Monday, June 15, 2015

The Wrath of God our Hope for Glory

In my last post, I emphasized the wrath of God as the root of the Gospel in the sense that our recognition of being under wrath is a precondition for our recognition of the Gospel as good news, and our state of being under wrath is a precondition for the necessity of the atonement.

There is another way in which the wrath of God is good news for us who have been saved. While when we were under wrath the wrath of God was a precondition for the Gospel, now that we are under grace the wrath of God is directed, not at us, but at our enemies.

In both cases, God's wrath is against sin, and that is what is so gloriously good about the news that God hates sin. In a way, in both this post and the last one the point is that God's wrath is Gospel because it is directed against evil. In the first, we saw this as good because it is because of God's wrath that God in Christ came in human form and waged war against sin and death on the cross. Now, the point is that God's wrath is also the reason we have hope that our sin will not forever cling to us.

When we were, ourselves, under God's wrath, it was because we were defiled by sin. Since our guilt has been removed from us, since, that is, our sin has been covered by Christ's righteousness, we are no longer under wrath. However, our sin is still under wrath. In the first place, our sin is under wrath in the sense that our sin was placed on Christ and the wrath of God was poured out on Christ on account of those sins. If our sin did not receive God's wrath, God would not be just, and he would not be good.

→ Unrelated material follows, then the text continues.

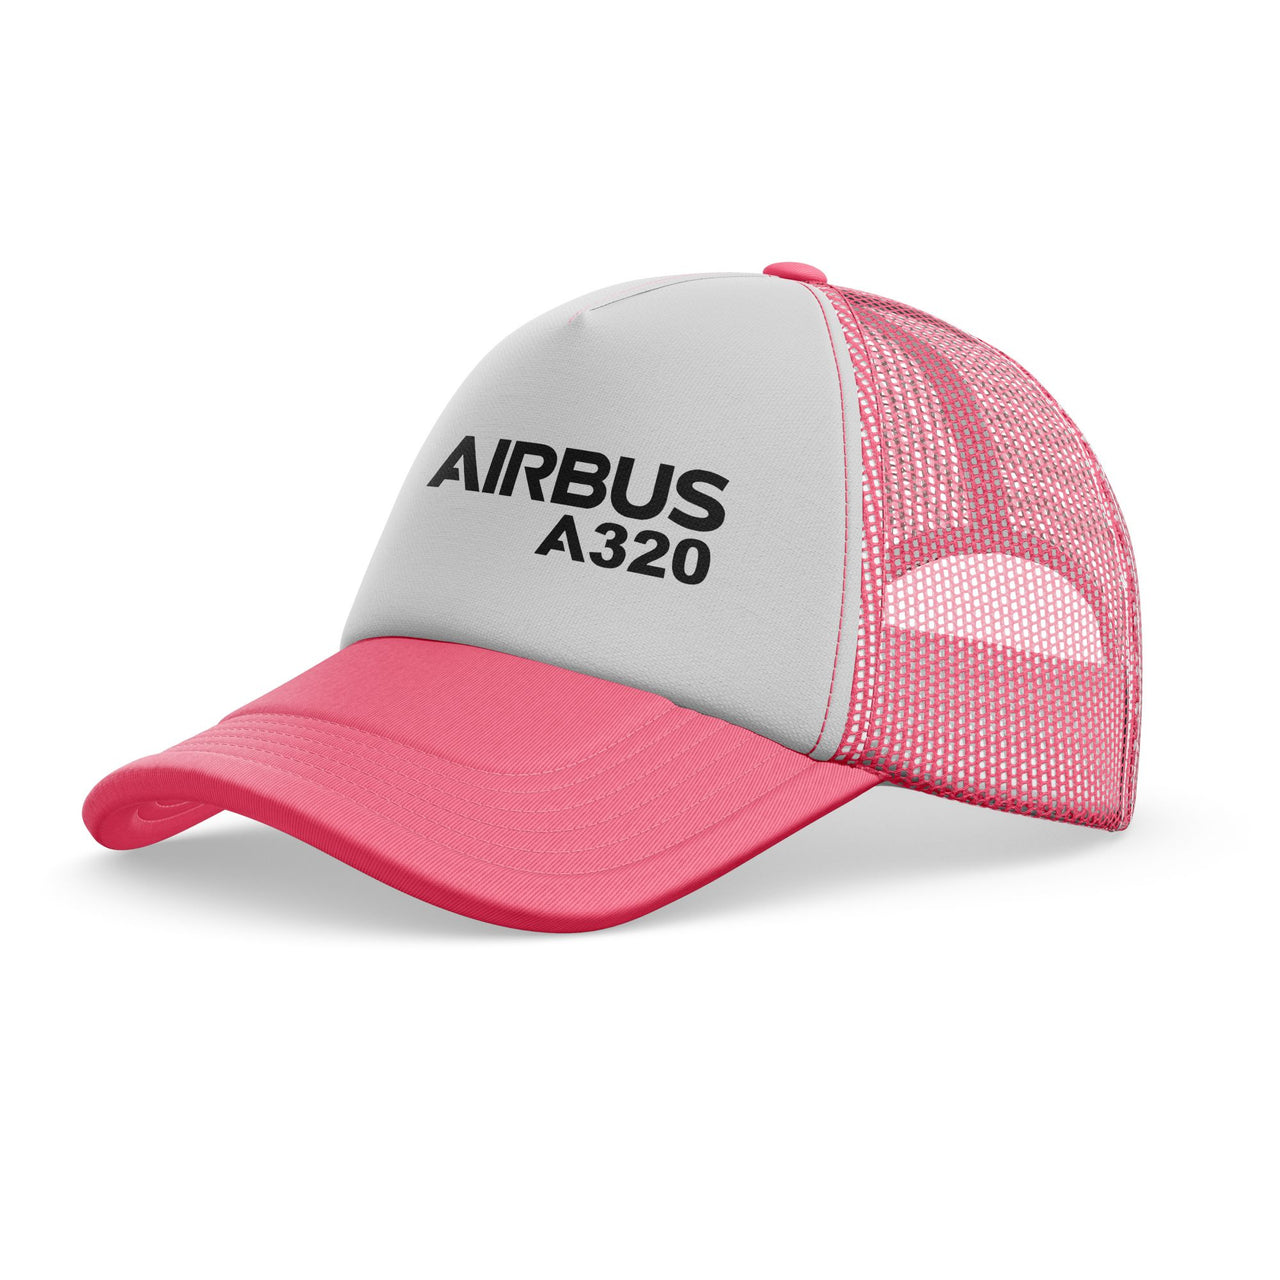 Airbus A320 & Text Designed Trucker Caps & Hats
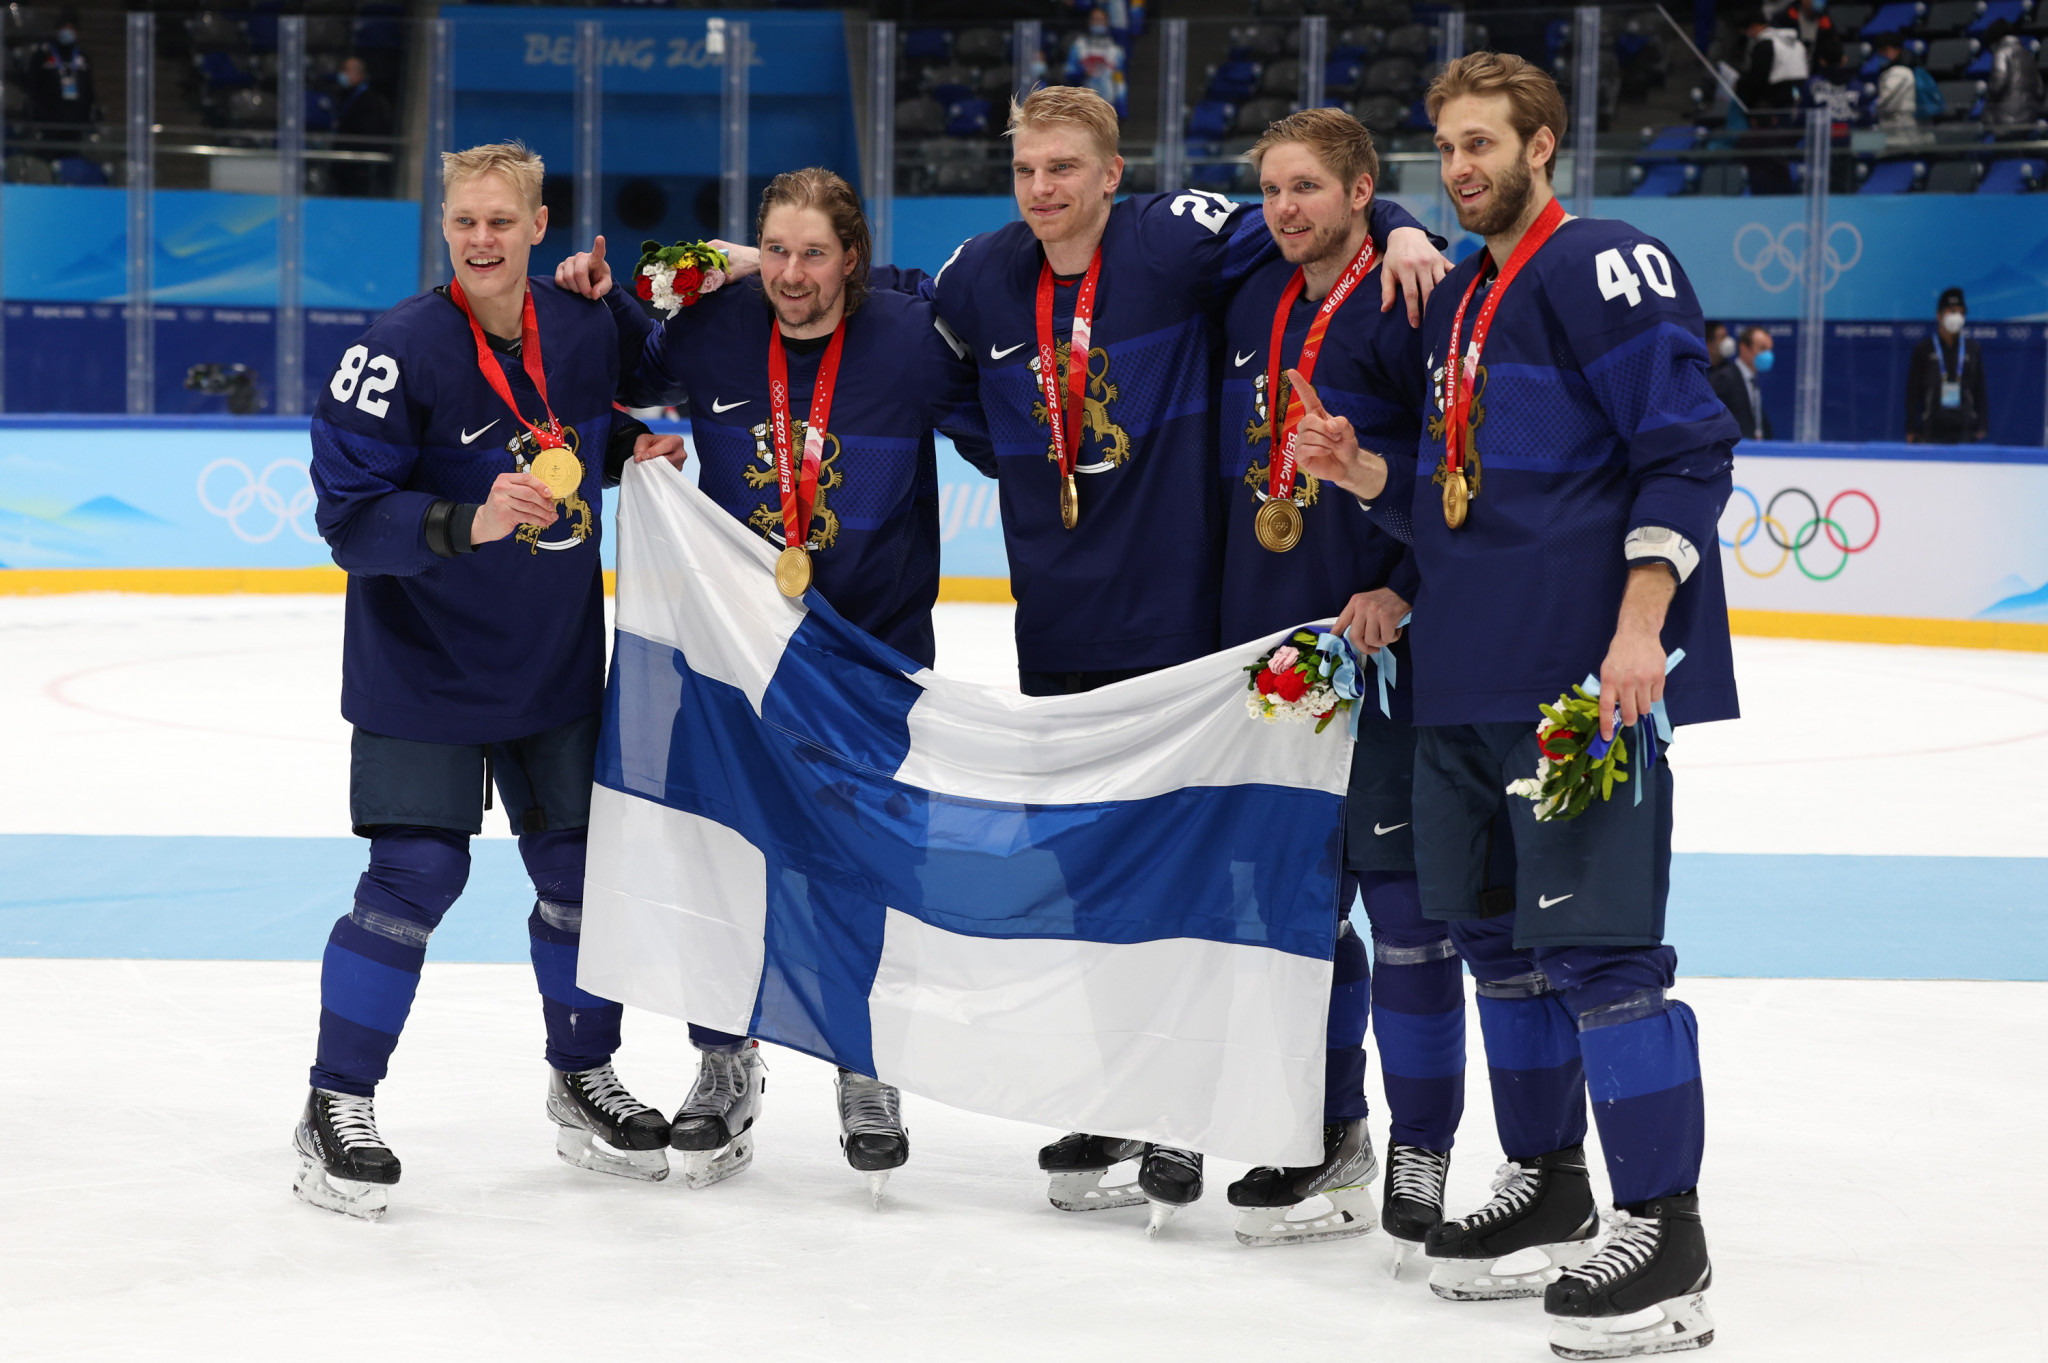 Olympic ice hockey champions move to top of IIHF world rankings

So the wrath of God is a result of God's justice. And because God is just we have hope that what is bad now will not be permitted to remain--no one will get away with evil. All evil will be dealt with, and so we cannot say that sometimes bad things happen, as if it were just how things go and we must deal with it. Rather, because evil will be judged and the world will be reconciled to God, we have hope to mourn evil and can rejoice at what is to come, when we will see what we now hope for: the vindication of the righteous and the condemnation of the evil one. In that day we will find ourselves, out of no righteousness of our own, vindicated by God's righteousness, because we will possess as our own the righteousness of God. We will be made more holy, but this will be only according to the power which raised Christ from the dead, by whom we now live. Our good works are not meritorious for us, but for God, since in ourselves we would do only evil, but by Christ we are shaped into Christ's likeness.

Our sin is also still under wrath in the sense that it is still rebellion against God. It is still bad and it is still contrary to God's will. This is no longer a cause of fear for us, since we have Christ's righteousness. It is, rather, a cause of hope for us: because God is against it, a truly efficacious power is at work cleansing us and redeeming us from our sins, making us able to do good rather than evil. We wage war against sin in ourselves. We work out our salvation with fear and trembling, but--and this is our hope--we work out our salvation because it is God who works in us (Philippians 2:12-13). Because God hates our sin, we have hope that he will empower us to overcome it. In part, this is often by causing us to hate the sin ourselves. Because God is against sin, so we are renewed to a new life, a life against death.

When we see the final victory of Christ over the powers of this age in Revelation, we are seeing both of these: Christ is defeating his enemy. That does not include those of us who are in Christ as his enemies, but rather, as in Christ, so victors in him. We are more than conquerors, as Paul writes, over all the fallenness we encounter. As Christ was raised and conquered sin and death, so we are raised with him to newness of life, to living as Christ lived, holy lives before God.

It is not only, then, that we are no longer under condemnation since we are in Christ Jesus, but also that we are on the other side of the conflict. God's wrath is not only not against us, but is also for us, directed on our behalf against sin. We ought to respond to God's wrath in a twofold way, then: in it we see how great our need, and in it we see how great is the power that is at work in us.

This is at once encouraging and humbling. We could not save ourselves, nor could we now sanctify ourselves, but, because God hates sin and yet loves his creation (as we see when he saves the animals from the flood), he has saved us from sin and continues to save us from sin. He saves us from sin by his Son, Jesus Christ, in whom we pass through judgment yet are unharmed. He also continues to save us from indwelling sin by Christ Jesus, seeing that we are in him, we are also alive in him and have his life enlivening us to righteousness. Just as various psalms cry out for deliverance from enemies, we now cry out for deliverance from our enemy, the devil, and God, who is rich in mercy, and who hates the work of the devil, fights for us, as he did for Israel. And we know that we will finally, in the last day, see victory completed both in the world and in ourselves as all things are put under submission to Christ and as we are glorified.